# 2009 Famous Person?



## Sychoclown (Sep 1, 2005)

I think Jon and Kate plus 8 have been in the news alot lately. You could do Madonna with some black dolls attached to you. This might be wrong but how about a zombie Farah Faucett.


----------



## Halloweeeiner (Sep 20, 2007)

try and get a Michael Jackson costume together


----------



## TheEighthPlague (Jun 4, 2009)

Zombie George Washington?

You could do a rolling-over-in-his-grave impression for laughs!


----------



## Halloween Princess (Sep 23, 2008)

Katy Perry is big right now. For guys, a Bruno costume would be great.


----------



## GDfreak (Jul 11, 2006)

Halloween Princess said:


> Katy Perry is big right now. For guys, a Bruno costume would be great.

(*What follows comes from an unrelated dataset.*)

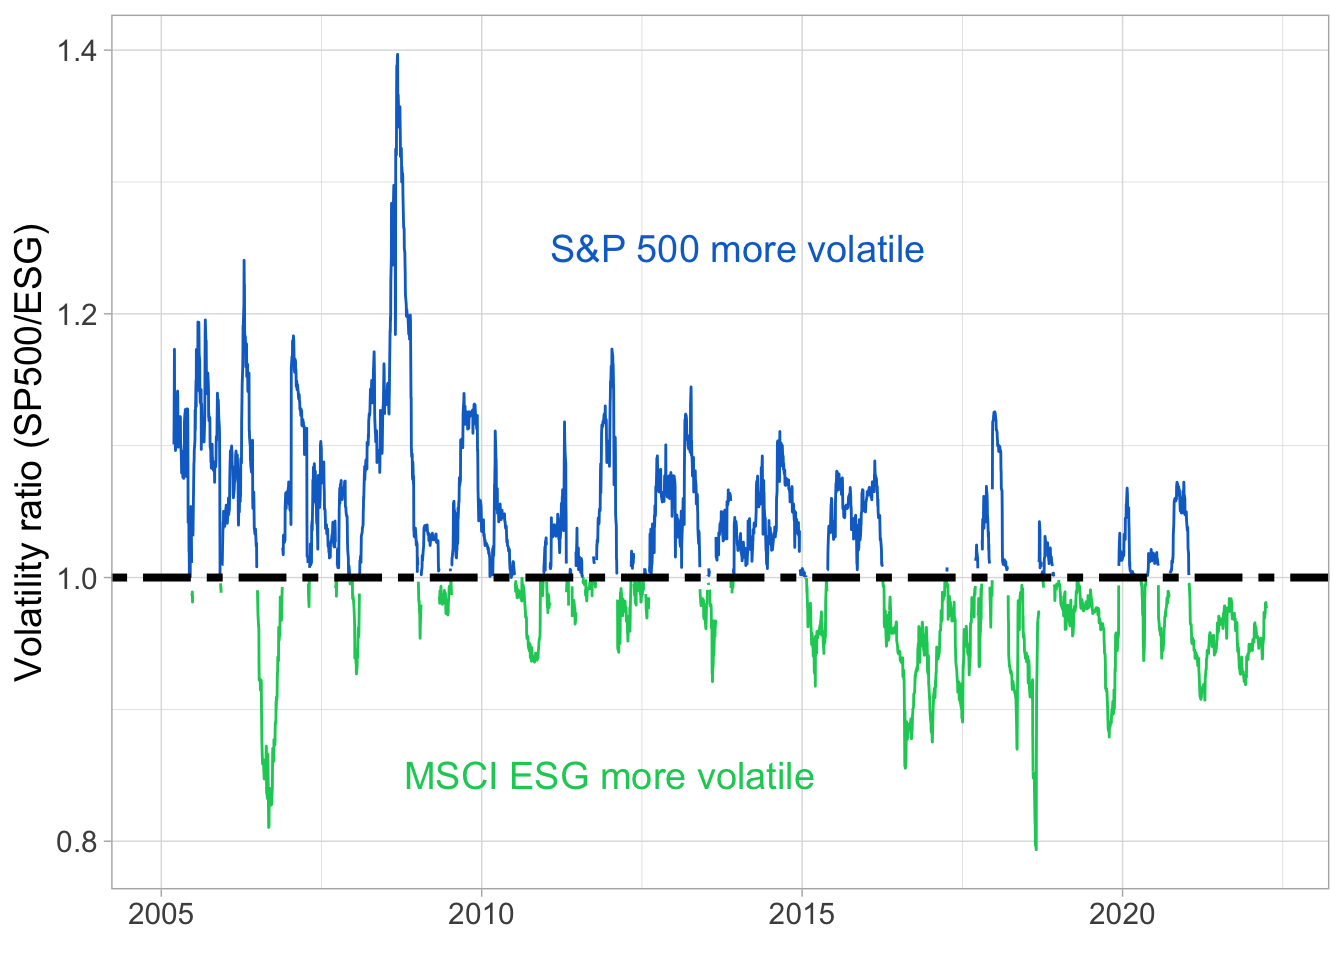 Volatility ratio. We plot the ratio of the S&P 500 volatility divided by the volatility of the MSCI ESG index. Realized volatilities are computed as the standard deviation of the daily returns over the past 60 trading days.

BRUNO!!! hahaha! good idea.


----------



## Annea (Aug 14, 2004)

I thought Borat was worse, especially in the man-kini


----------



## Wolfman (Apr 15, 2004)

How about this "Famous 2009 Person"?


Video of Nadya Suleman Octomom Giving Birth | Dork Humor


A Pair of humongous red lips, a pillow on your stomach carrying eight baby dolls- OCTOMOM!


----------



## victoria1313 (Jan 29, 2009)

hard to say without knowing what u look like?


----------



## Halloween Fan (Jul 12, 2009)

I wonder how many people will be as Bruno this year.

That would also be a SCARY costume.


----------



## OMGDan (Sep 28, 2006)

Yeah i'm willing to put my money on Michael Jackson being one of the biggest ones this year. Especially with the high-school - college age guys looking for the shock factor.

I think there'll be a few Bruno's but as much as i thought that movie was hilarious i don't think it might have the staying power to reach Halloween, unless the DVD get's released in fall.


----------



## psox16 (Jun 6, 2009)

definitely mj, although billy mays would be an easy one to do. i'd bet there will be some familiar political faces. obama and sarah palin. even tho the election was last year, i would expect to see them this year.


----------



## kprimm (Apr 3, 2009)

How about Susan boyle from britians got talent?


----------



## halloweencreature (Aug 6, 2008)

I thinks wolfman's octomom idea is awesome!!!! You could even post a sign on the back saying something like please donate at my website: (whatever she used for donations). Good luck!



Wolfman said:


> How about this "Famous 2009 Person"?
> 
> 
> Video of Nadya Suleman Octomom Giving Birth | Dork Humor
> ...


----------



## wristslitter (Nov 21, 2008)

Zombie Michael Jackson????


----------